### Exercise goal
Leave the pictures out and return every line below exactly.

### Supplied material
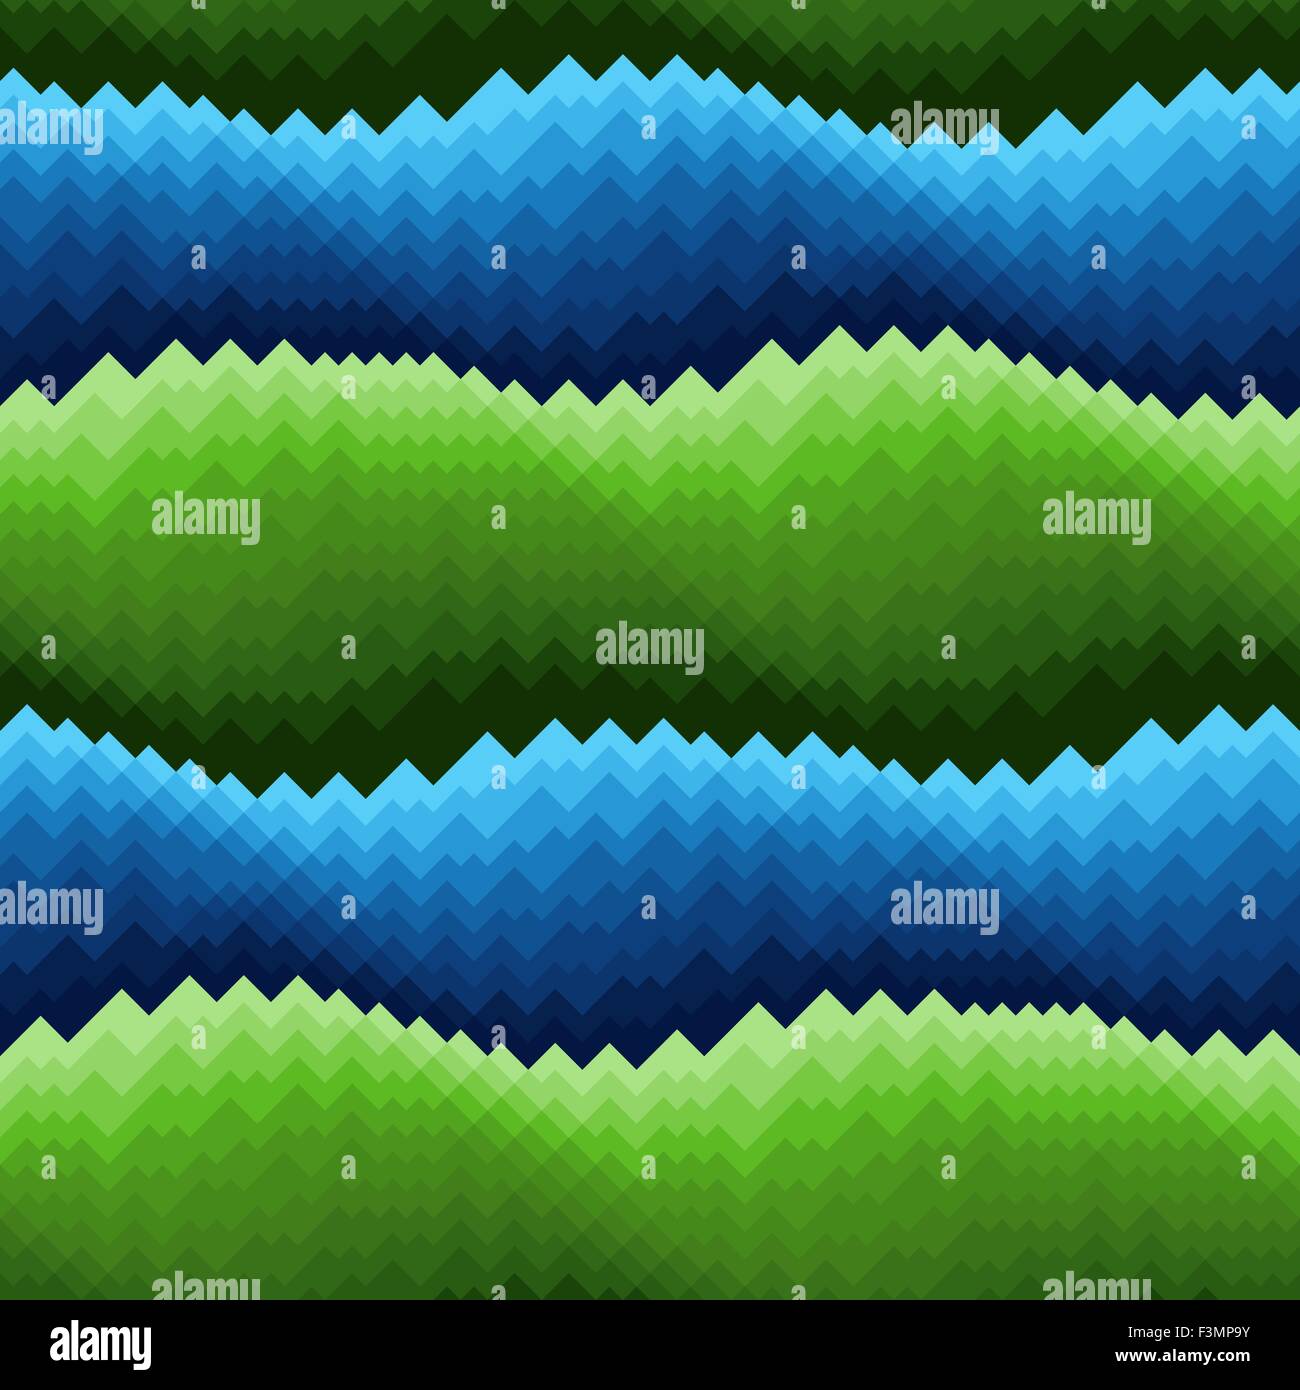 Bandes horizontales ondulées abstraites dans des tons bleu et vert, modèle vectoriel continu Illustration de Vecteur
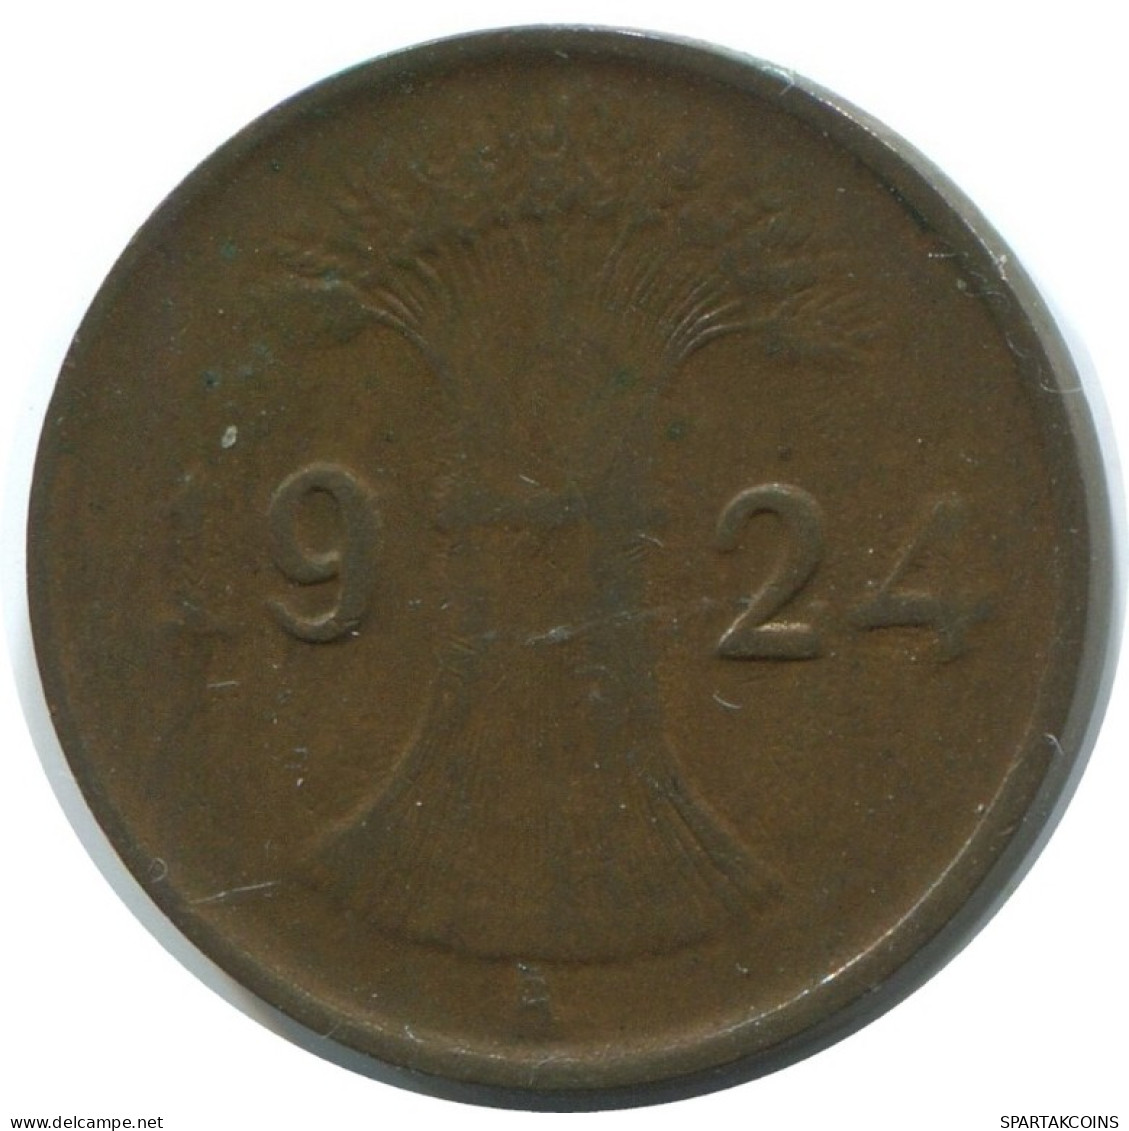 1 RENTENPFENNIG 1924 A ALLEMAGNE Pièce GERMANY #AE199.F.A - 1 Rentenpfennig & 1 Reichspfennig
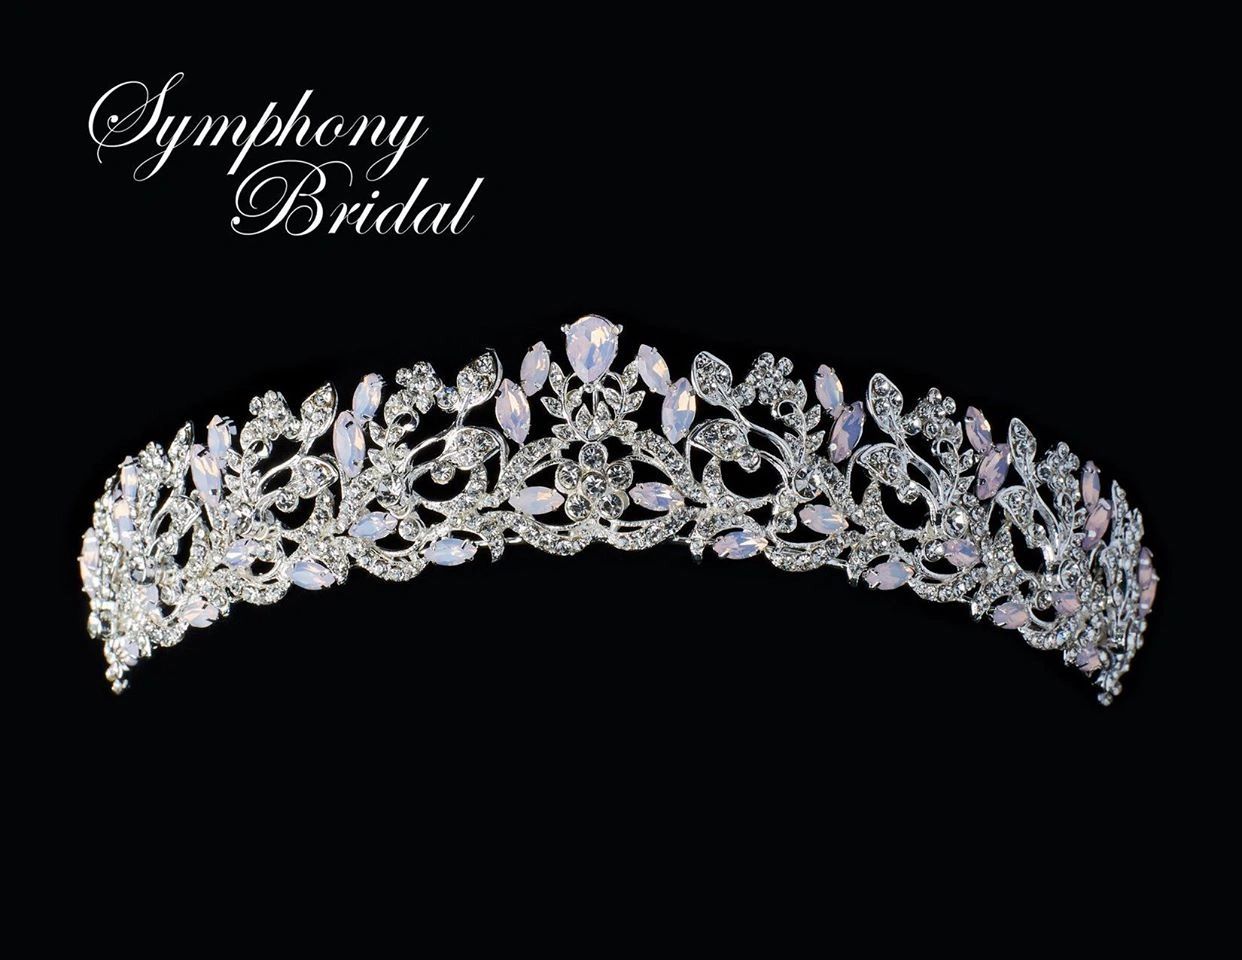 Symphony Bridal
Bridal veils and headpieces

### Your solution
 Bandes horizontales ondulées abstraites dans des tons bleu et vert, modèle vectoriel continu Illustration de Vecteur
 1 RENTENPFENNIG 1924 A ALLEMAGNE Pièce GERMANY #AE199.F.A - 1 Rentenpfennig & 1 Reichspfennig
 Symphony Bridal
Bridal veils and headpieces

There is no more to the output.